Treatment of ITP with TCM combined with glucocorticoids
It has been confirmed previously that TCM combined with glucocorticoids can exert a synergistic effect by regulating immunity, improving symptoms and increasing the platelet count [191]. Jing et al. [192] compared the application of modified Guipi decoction combined with hormones and hormones alone in the treatment of primary ITP patients with the syndrome of Qi deficiency and blood stasis. They reported that the integrated treatment could rapidly increase the platelet count of patients. Song et al. [193] evaluated the use of the modified Ziyin Cooling Blood formula combined with hormones in the treatment of patients suffering from severe primary ITP with the syndrome of Yin deficiency and fire hyperactivity. They found better outcomes such as clinical bleeding symptom, platelet count and onset time in the experimental group than those in the control group. Similarly, several other studies have reported enhanced efficacy when combining TCM with conventional hormone therapy. For instance, in a retrospective analysis on ITP patients by Ma et al. [184], a modified Huangqi Jianzhong decoction plus hormones significantly improved T lymphocyte subsets and immune function compared to hormones alone. Additionally, Wu et al. [194] also confirmed superior therapeutic effects of JYSD granules combined with hormones in improving fatigue, listlessness, and platelet levels via regulating T lymphocyte subsets.

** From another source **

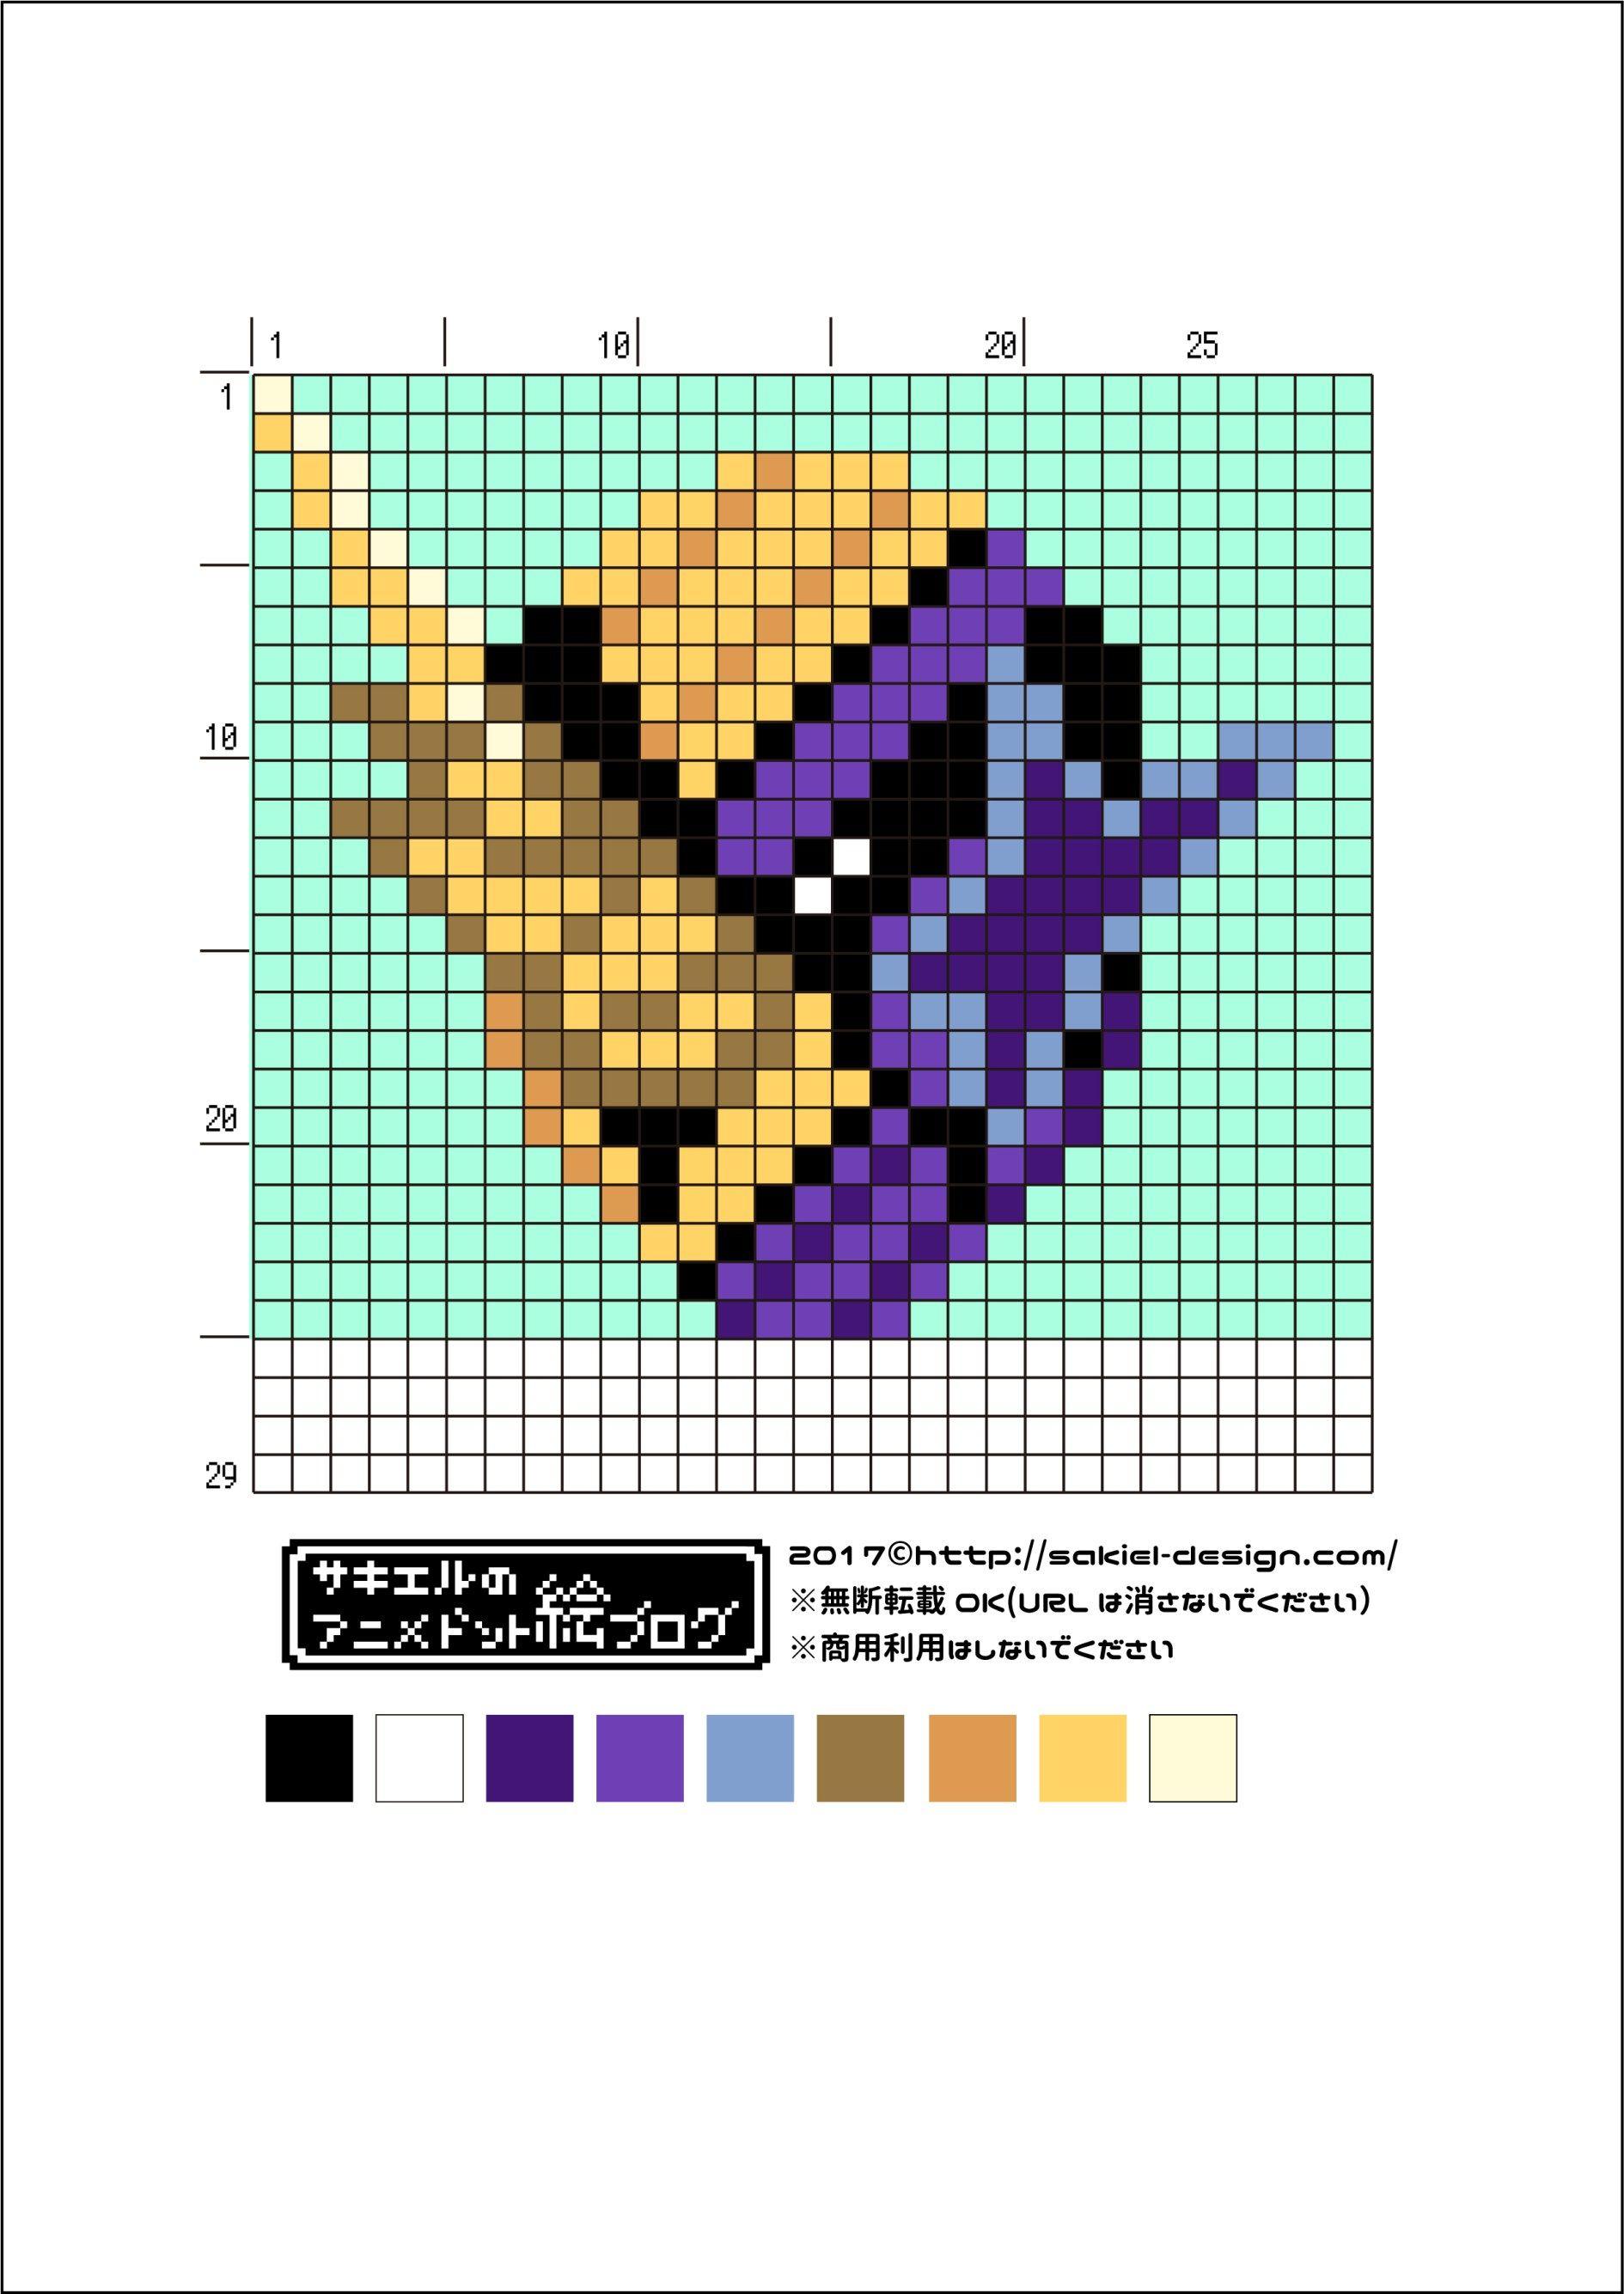 簡単バージョン ニンニンコミックフォームのアイロンビーズ図案 仮面ライダービルド サキエルのアニメドット絵ブログ 図案 ドット絵 アイロンビーズ

Furthermore, Zeng et al. [195] demonstrated the indicating immunomodulatory effect of a modified Xi Jiao Di Huang decoction added to conventional hormone therapy for 4 weeks, yielding significantly increased CD3^+^ and CD4^+^ T cells, and decreased CD8^+^ T cells. Wang et al. [196] reported that Guipi decoction combined with dexamethasone for 4 weeks could achieve higher effective rate and better improvement in fatigue, dizziness, and bleeding symptoms. Cao et al. [197] noticed that an integrated use of white peony total glycoside capsules and prednisone could also remarkably increase platelet counts, reduce bone marrow megakaryocytes, and modulate CD4^+^ and CD8^+^ T-cell subsets.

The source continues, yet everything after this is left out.